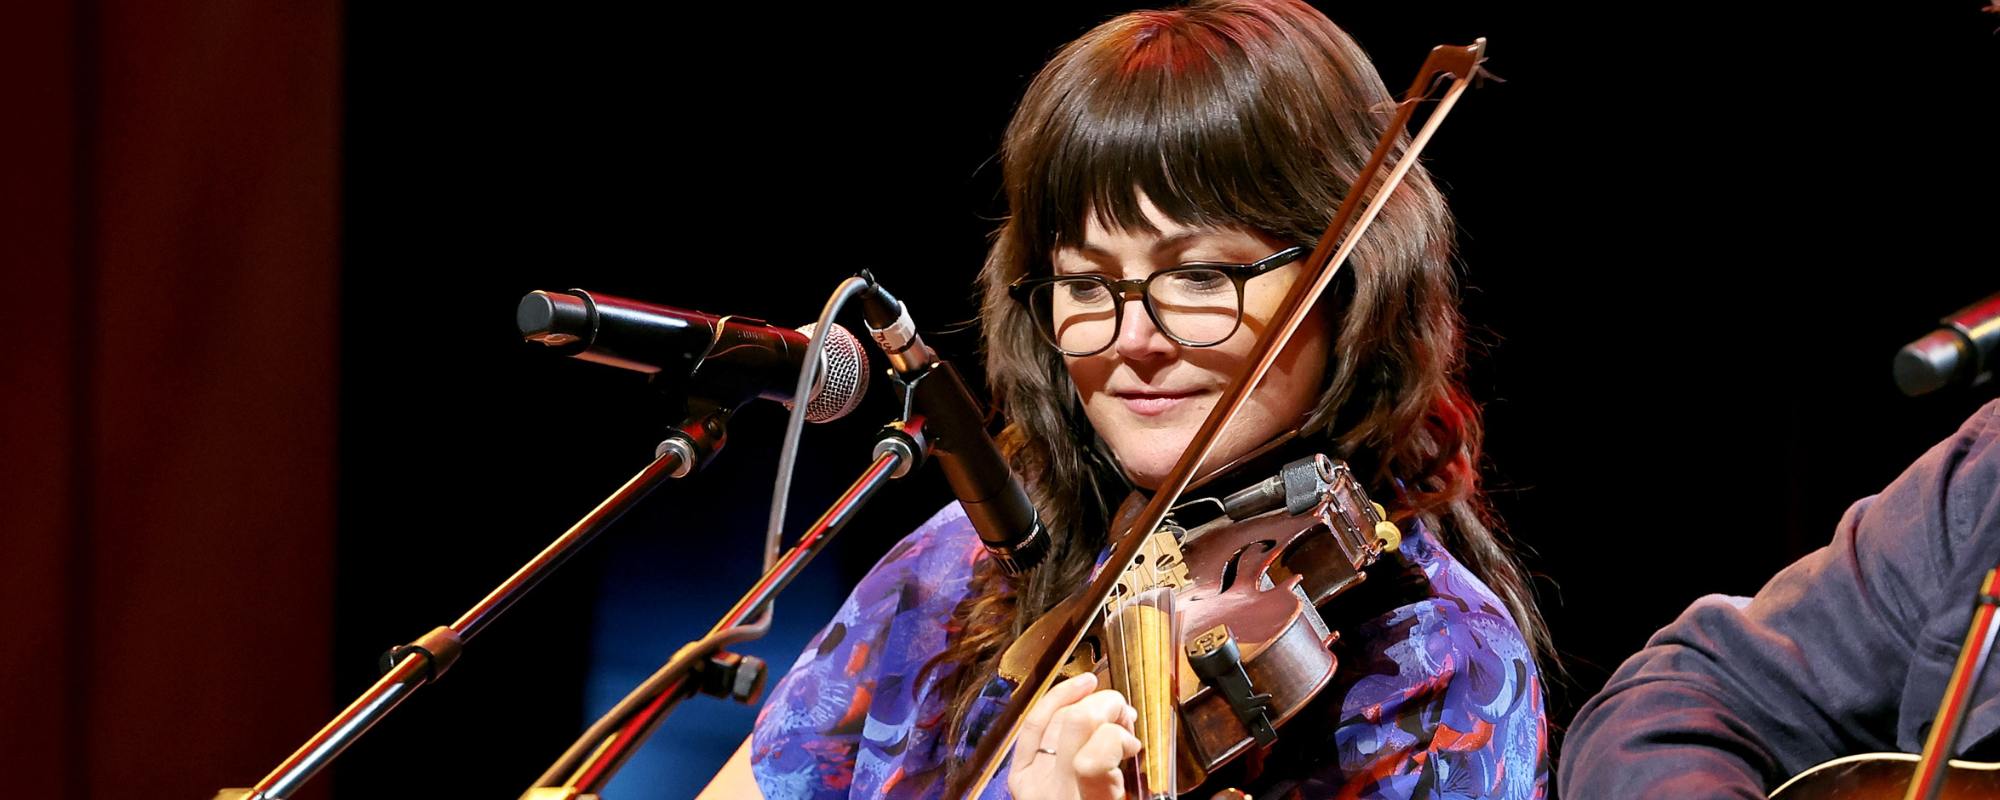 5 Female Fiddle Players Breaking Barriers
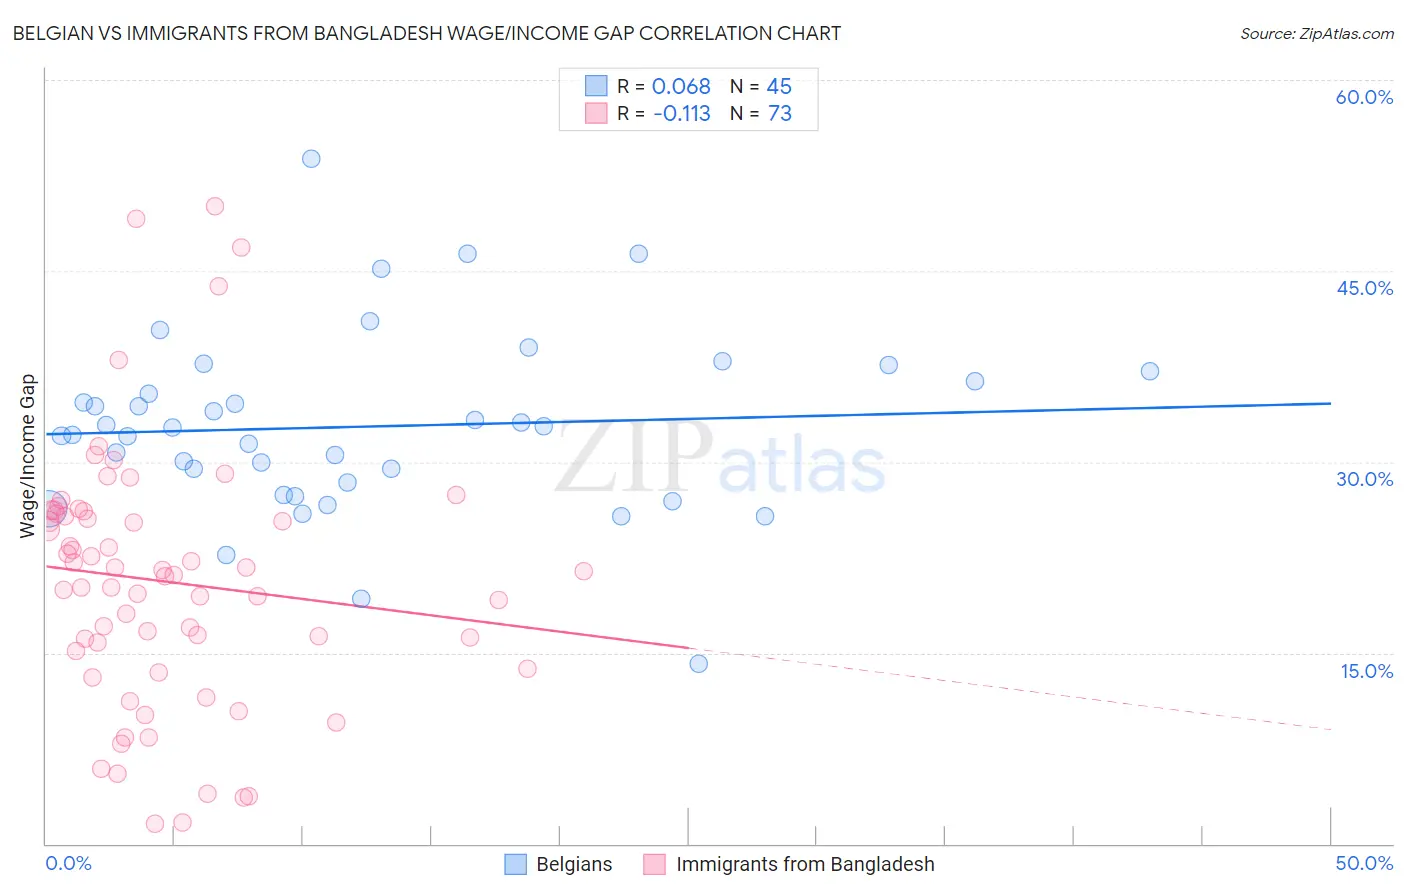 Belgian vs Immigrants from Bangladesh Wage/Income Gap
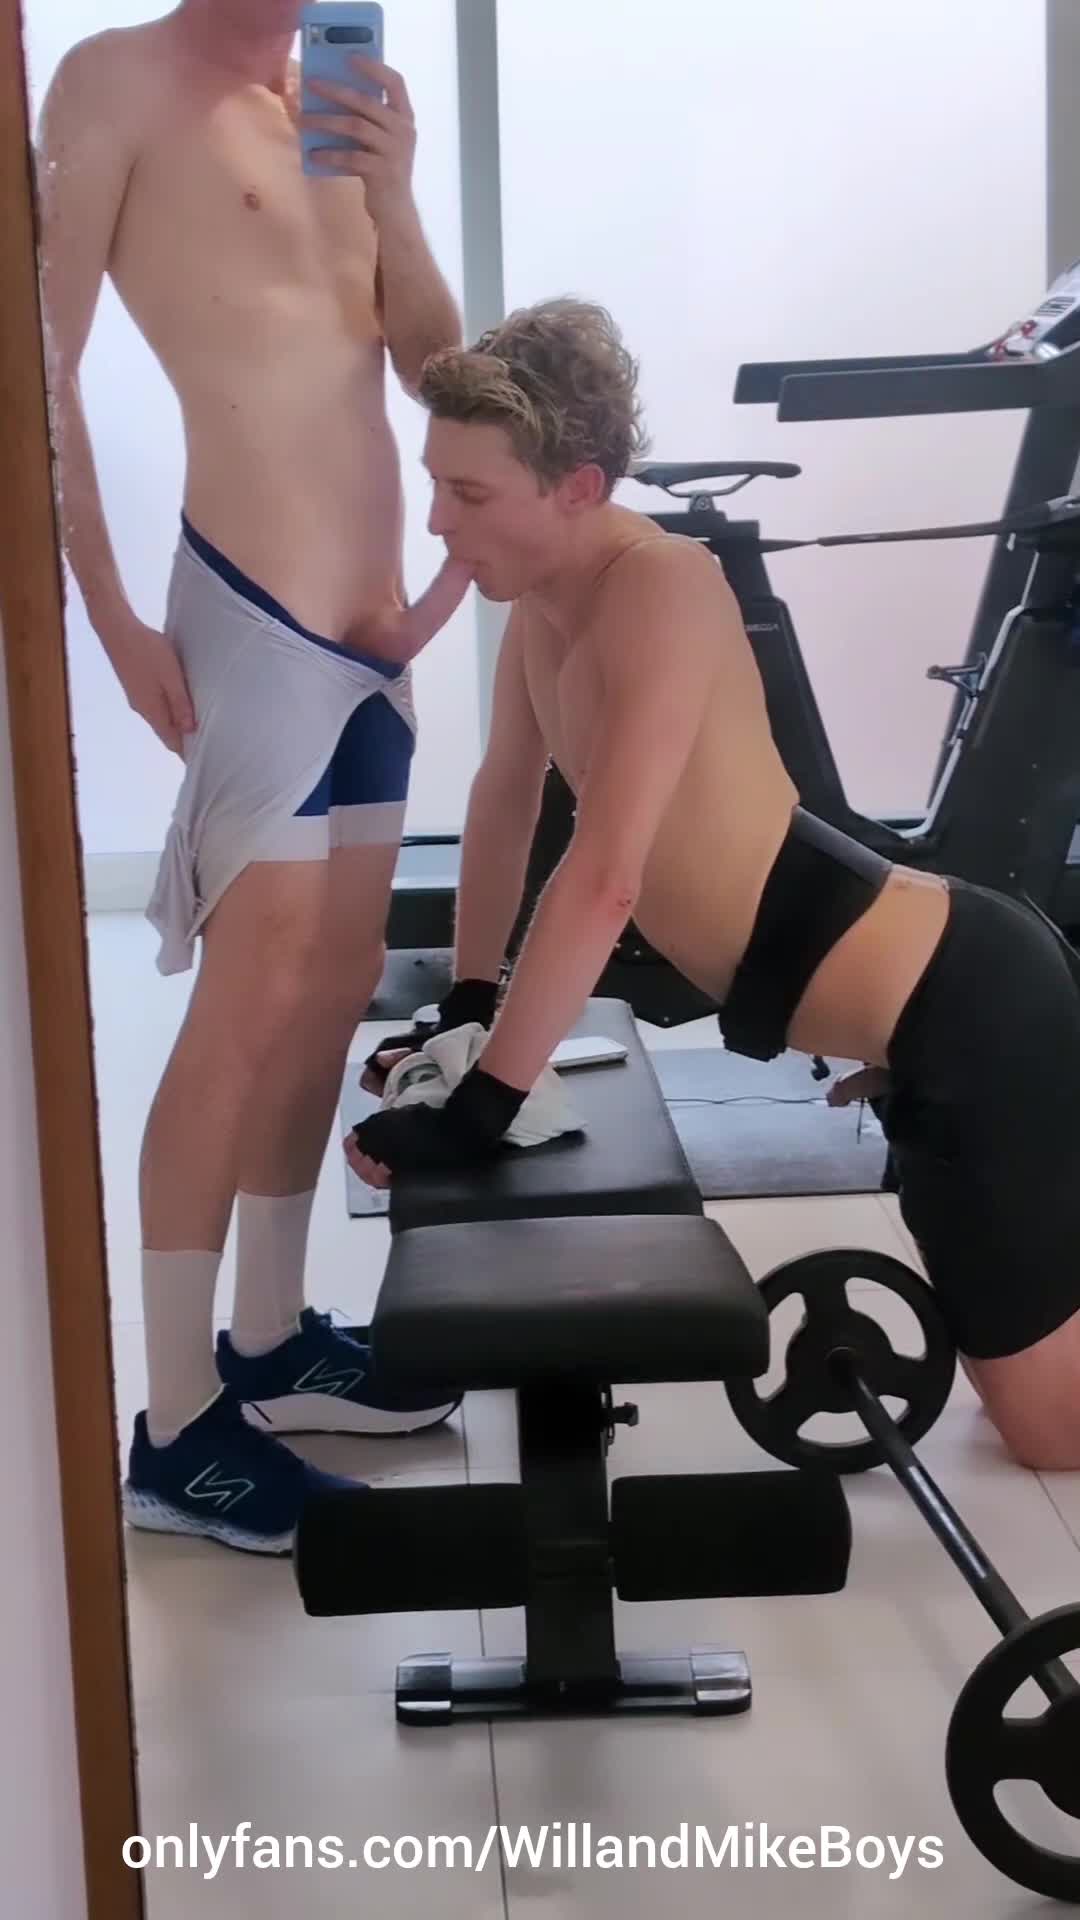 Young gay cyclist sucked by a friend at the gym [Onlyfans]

===

About this task
Recopy the whole listing above precisely, excluding images.

Solution to the problem
 5 Female Fiddle Players Breaking Barriers
 Belgian vs Immigrants from Bangladesh Wage/Income Gap
 Young gay cyclist sucked by a friend at the gym [Onlyfans]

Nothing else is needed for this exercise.